Whenever I had an accidental oil spill on a piece of furniture I was making I found the Brake/Electrical Motor cleaner in a spray can works great for pulling the oils out of the wood. Its cheap, non-flammable and found in every auto supply store.


----------



## ironman_gq (Nov 9, 2008)

also works great on concrete floors for pulling oil stains out. Just make sure its the red can if you go with brake kleen cause the green can is EXTREMELY flammable. I use it kill bugs in the shop


----------



## RobbinW (Nov 21, 2008)

*Oil?*

Hi all, I agree with Carvin Mark as far as veggie oil. I been using Canola for over two years now & would never switch back to any regular chain oil ever! you will find when ya first start running it with the oiler adjusted for normal bar oil i will spray oil everwhere on your carving & the old fable of "there is no way it can works as it is too thin" is totally a fable, adjust the oiler down a little at a time & make sure ya dont run out of oil before your gas is out.
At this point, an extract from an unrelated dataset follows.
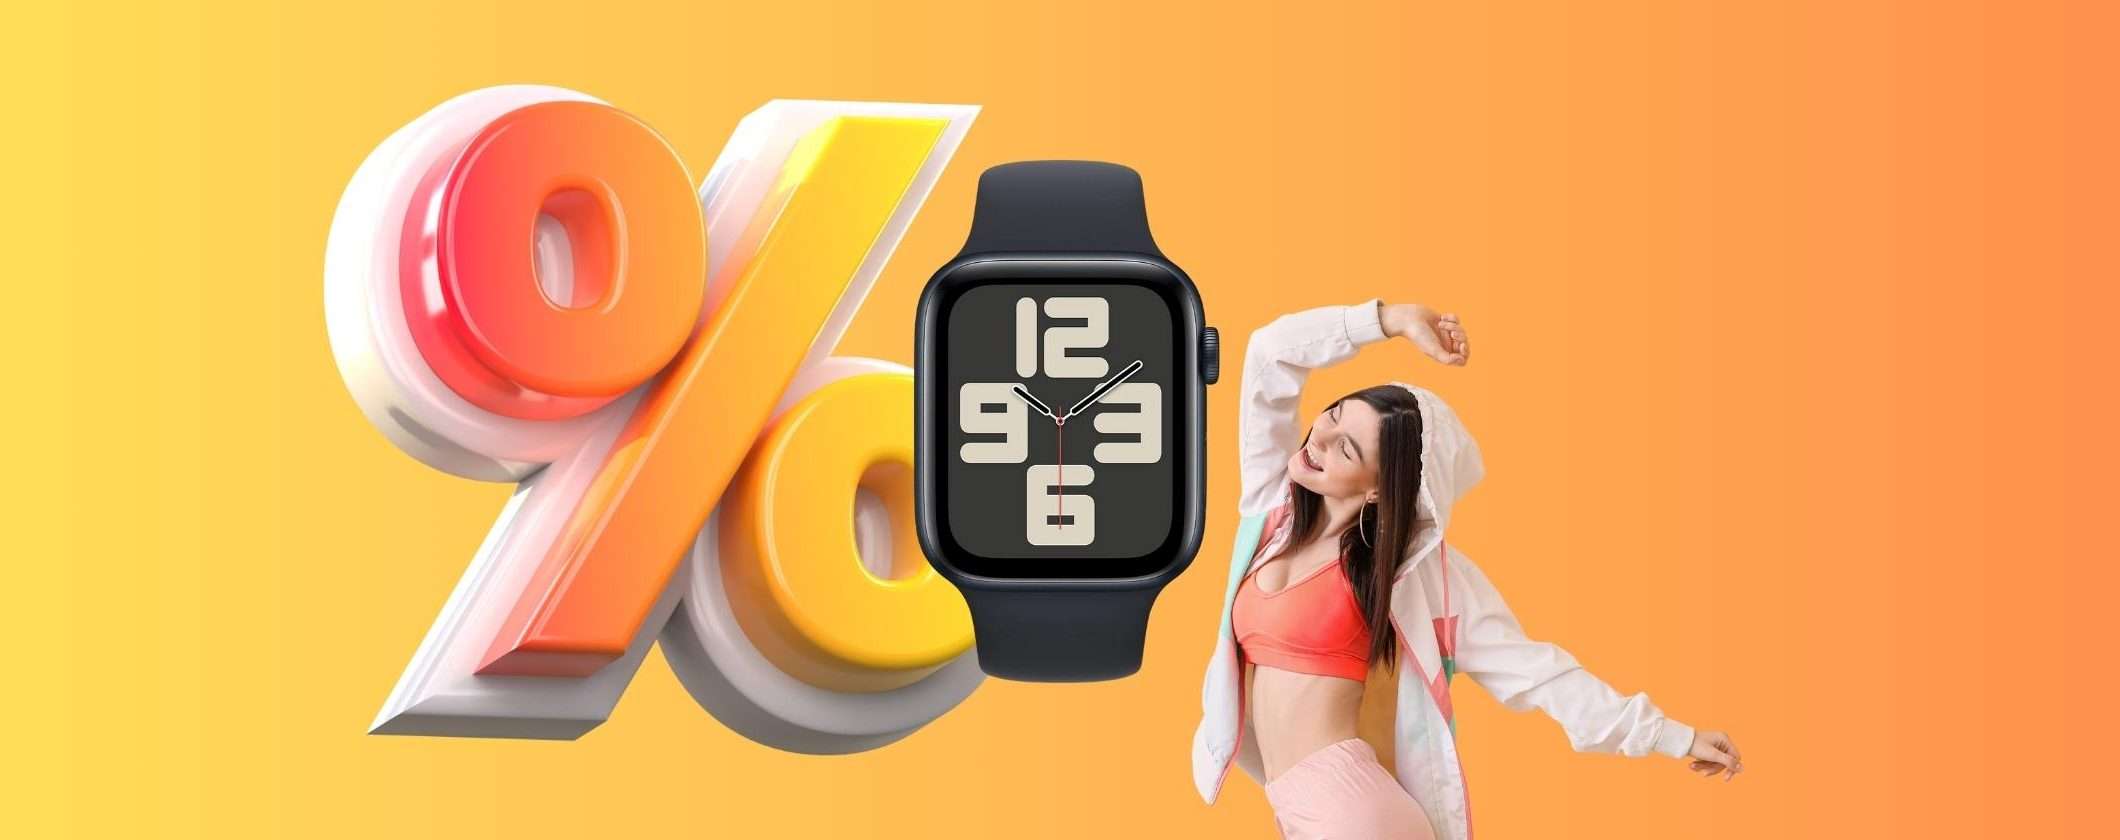 Apple Watch SE a soli 12€/mese con il Tasso Zero di MediaWorld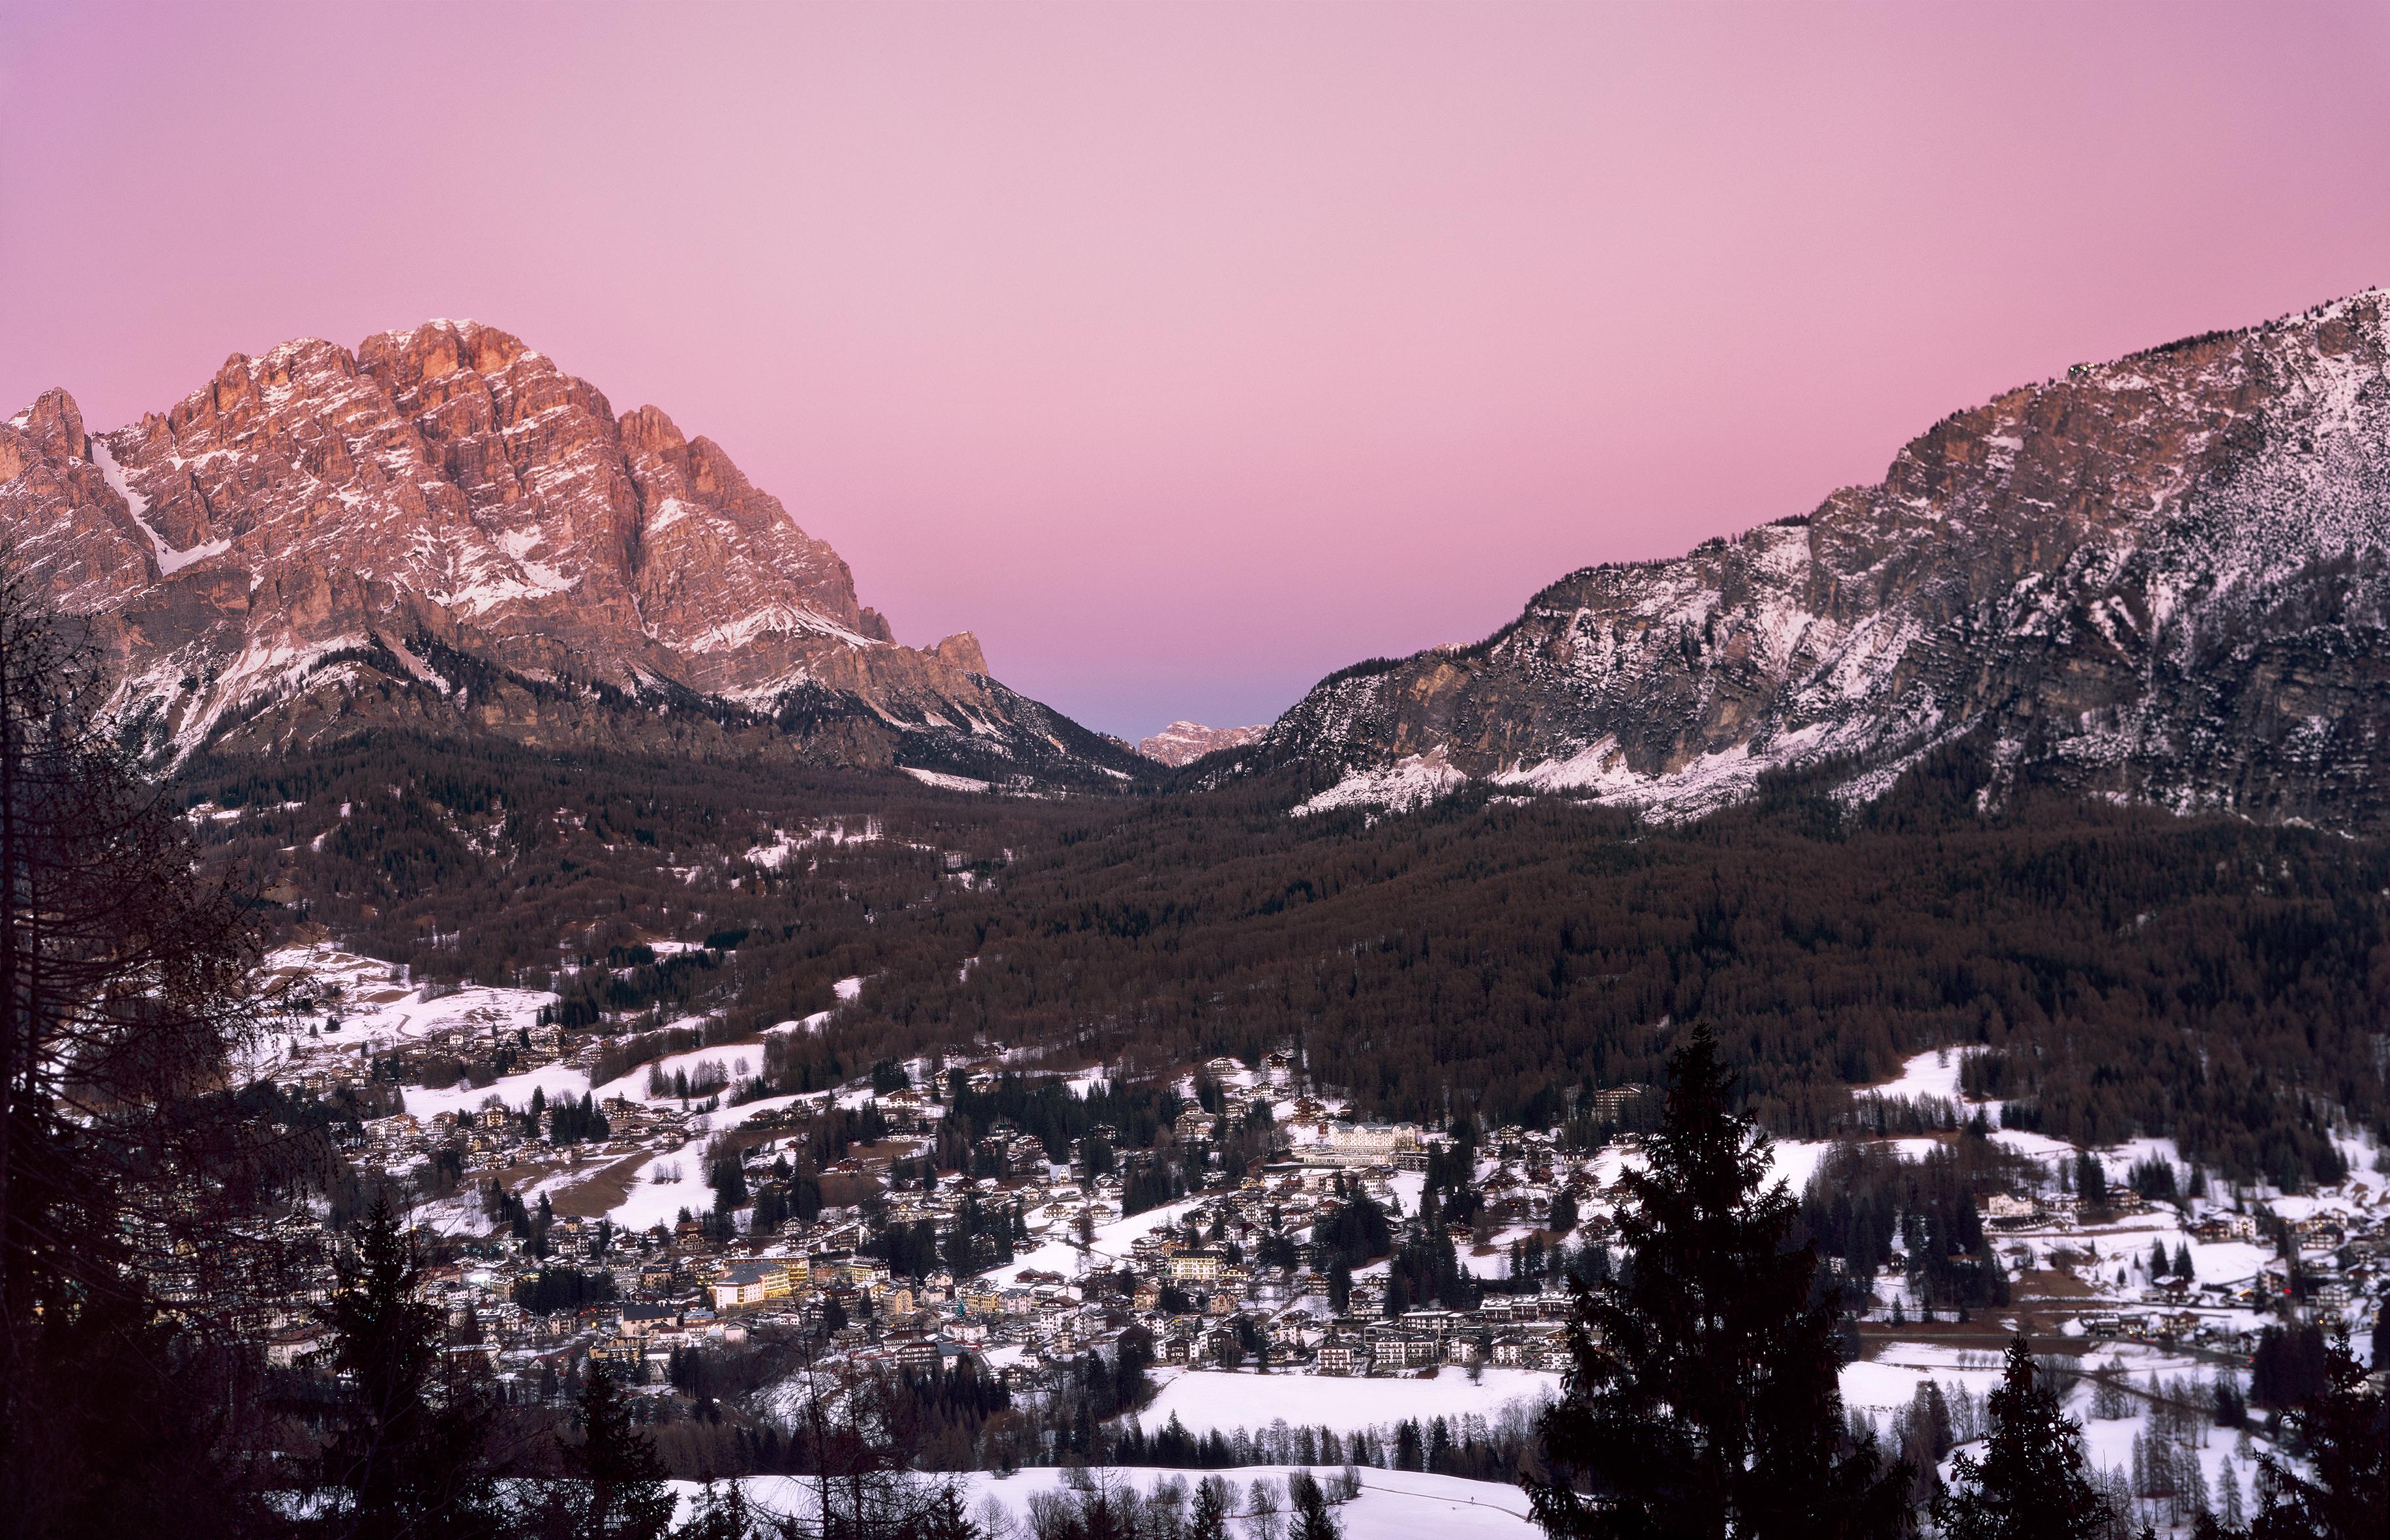 Ugne Pouwell Landscape Photograph – Cortina d'Ampezzo – Analogue-Sonnenuntergangsfotografie der italienischen Dolomiten Berge

You will find on most saws with adjustable oilers you can crank the oiler right to the minimum, get very little oil on your carving (unless your running high RPM detialing a single spot) & the temperature of the bar is still not even to the smoking point, way lower temp than with regular oil. The Canola seems to dissipate into the wood & I have finished with epoxies, poly, stains right over top of it & no need toi burn if you want to stay with the natural finish. Bar dressing only takes minutes & about once a month now as compared to once a week & to the belt sander as it was with regular chain oil!
Thanks, Robbinhttp://www.robbinsamazingart.com


----------